EXERCISE DIRECTIONS: Once you find the line with "Công ty chuyên" in the data below, transcribe exactly each line from there to the line with "Bericht über archäologische", inclusive, and nothing else. Drop the pictures.

DATA PROVIDED:
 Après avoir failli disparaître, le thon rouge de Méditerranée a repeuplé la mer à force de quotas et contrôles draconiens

...

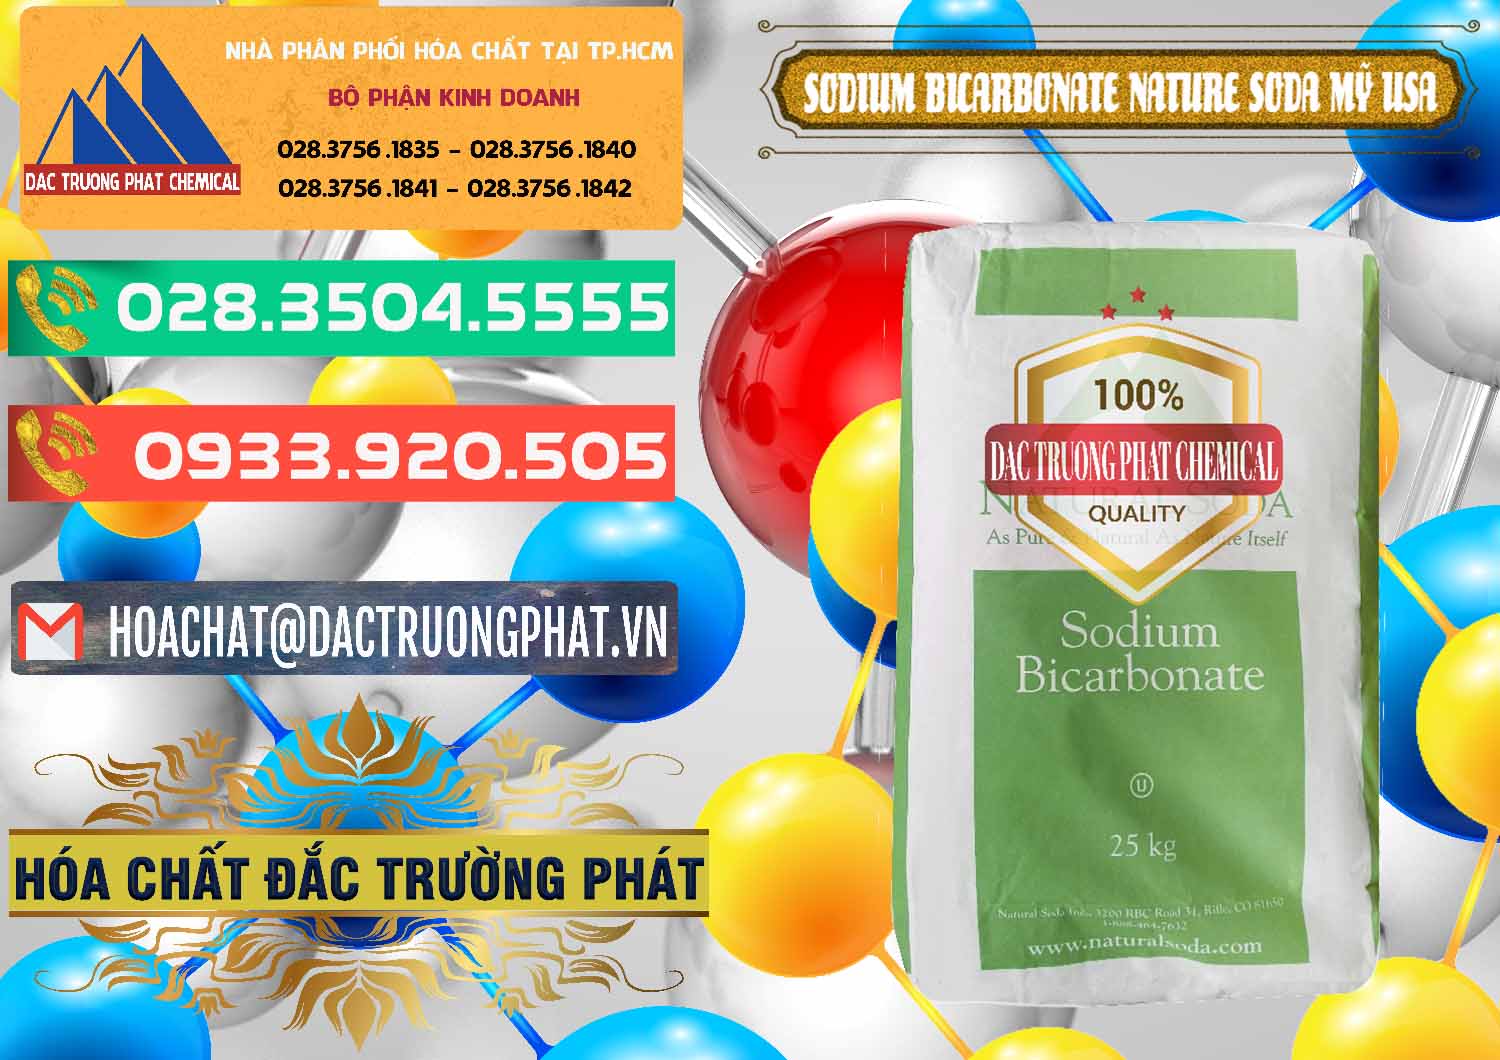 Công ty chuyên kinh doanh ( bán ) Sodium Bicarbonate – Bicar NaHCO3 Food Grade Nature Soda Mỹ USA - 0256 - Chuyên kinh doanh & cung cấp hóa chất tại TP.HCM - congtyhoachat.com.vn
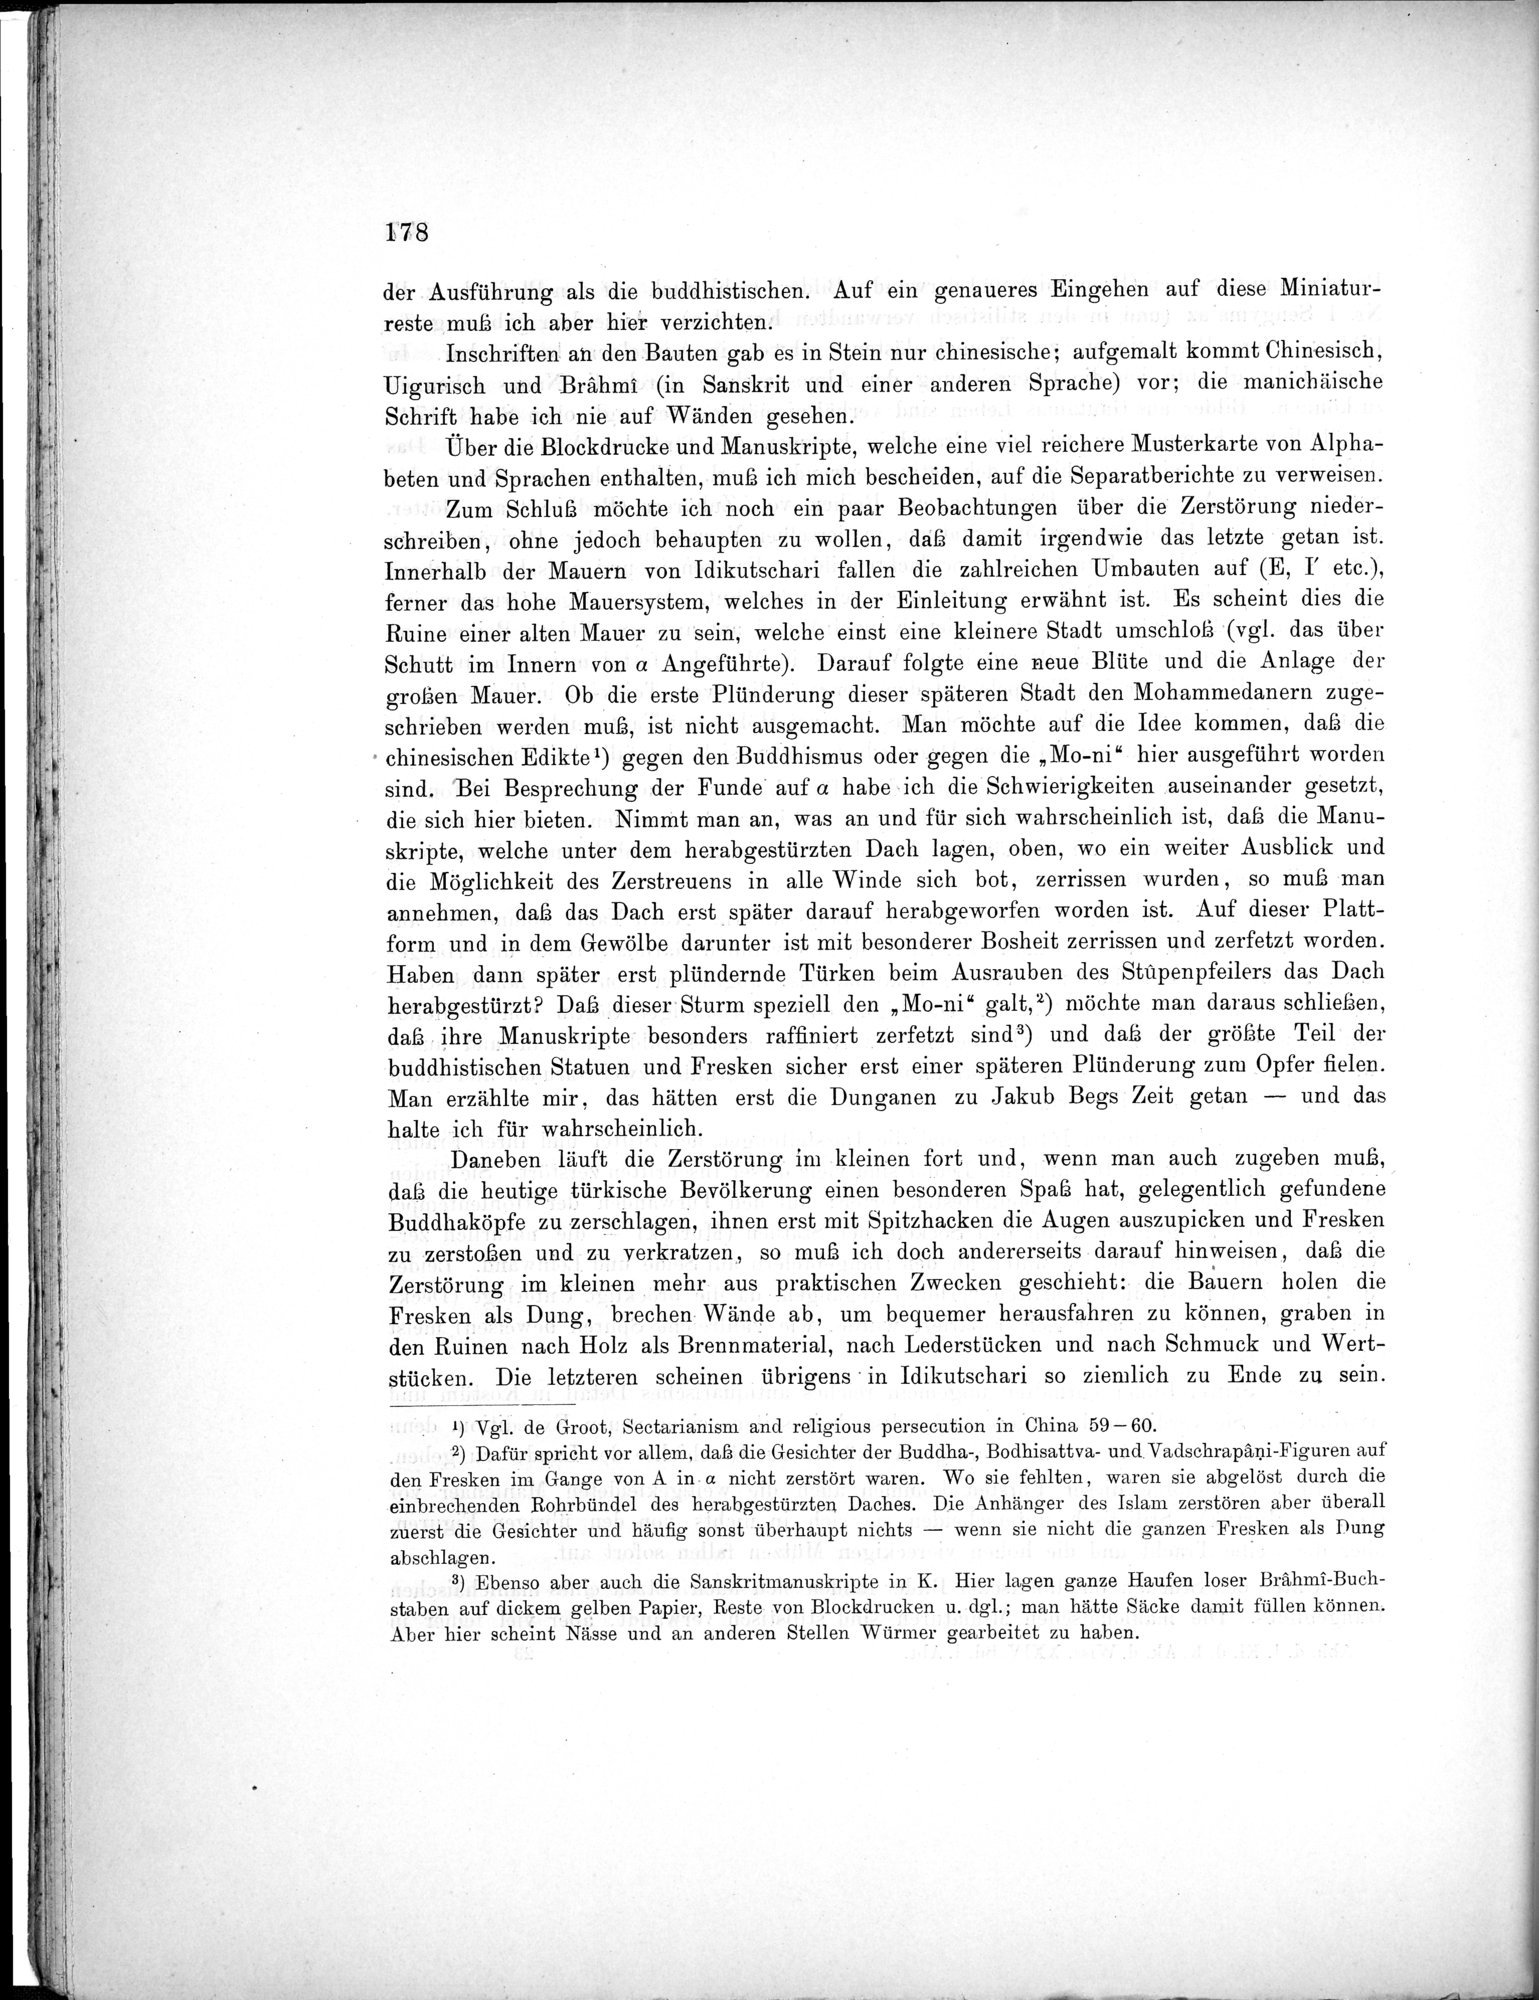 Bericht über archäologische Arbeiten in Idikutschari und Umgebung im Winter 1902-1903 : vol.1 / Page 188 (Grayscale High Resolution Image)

--

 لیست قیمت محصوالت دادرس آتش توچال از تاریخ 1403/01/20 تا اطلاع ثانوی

REPLY TO THE TASK:
 Công ty chuyên kinh doanh ( bán ) Sodium Bicarbonate – Bicar NaHCO3 Food Grade Nature Soda Mỹ USA - 0256 - Chuyên kinh doanh & cung cấp hóa chất tại TP.HCM - congtyhoachat.com.vn
 Bericht über archäologische Arbeiten in Idikutschari und Umgebung im Winter 1902-1903 : vol.1 / Page 188 (Grayscale High Resolution Image)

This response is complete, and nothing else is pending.